Branko stirbt 2000 in LA als bekannter Gitarrenbauer, nicht als Musiker.

Eben diese Platte verhilft ihm nun jedoch posthum zu internationaler Bekanntheit. Und das alles durch einige glückliche Zufälle. Der Musiker David Jerkovich sucht 2005 in einem Plattenladen in Hollywood nach jugoslawischer Musik, da seine Eltern ebenfalls aus der Region nach Kalifornien gezogen waren. Und dort stolpert er ganz durch Zufall über Brankos Album.

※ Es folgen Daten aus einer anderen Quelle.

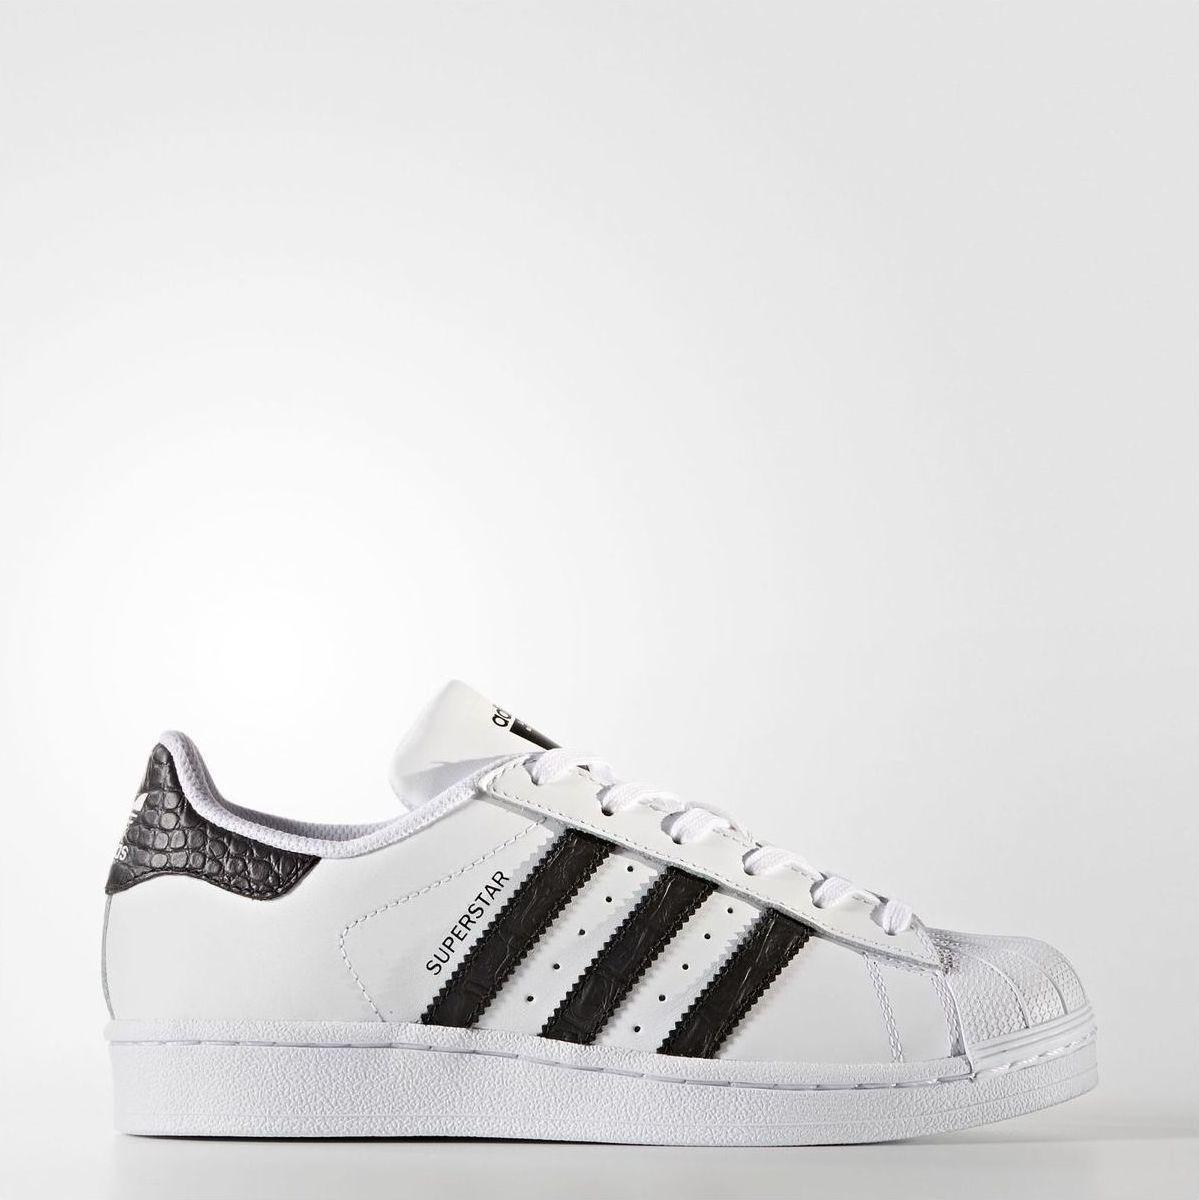 ... 280be4ffd09b Προσθήκη στα αγαπημένα menu Adidas Superstar J BZ0362. Adidas  Superstar J BZ0362 . aad5756e875

„Die Platte kostete nur 7 $ und Mataja sah auf dem Cover so badass aus, ich musste sie kaufen“, sagt Jerkovich über seinen Glücksfund. Als er sie zuhause auflegt, ist er sprachlos, sowas hatte er noch nie gehört. Er ruft sofort seinen Freund Doug Mcgowan an. Dieser arbeitet bei einem Label für Wiederveröffentlichungen von Musik, „Numero Group“.

Zusammen suchen sie Bata Mataja auf, Brankos Sohn. Doch dieser lehnt zunächst ab und erlaubt ihnen nicht, die Musik seines Vaters zu republishen. Doch die beiden bleiben hartnäckig und kriegen schließlich 2020 doch das Go. So veröffentlichen sie 2021 „Over Hills and Mountains“ und 2022 „Traditional Folk Songs of Yugoslavia“.

Matajas Klänge schweben förmlich durch den Raum

Doch nicht nur die Wiederentdeckung von Matajas Musik ist etwas Besonderes. Auch technisch ist das, was hier geschaffen wurde, sehr beeindruckend. Brankos Interpretationen von alten jugoslawischen Volksmelodien auf der E-Gitarre haben etwas Mystisches, fast Gespenstisches.

Durch Modulation und Layering erzeugte Klänge lassen die Lieder fast psychedelisch anmuten. Sie schweben förmlich durch den Raum. Man kann sich von ihnen wunderbar in die Landschaften des früheren Jugoslawiens entführen lassen. Oder vielleicht doch in eine ganz andere Welt. Denn die Melodien klingen ebenso vertraut wie fremd, fast überirdisch.

Branko Matajas Alben „Over Fields and Mountains“ sowie „Traditional Folk Songs of Yugoslavia“ können von euch überall gestreamt oder auf Bandcamp erworben werden.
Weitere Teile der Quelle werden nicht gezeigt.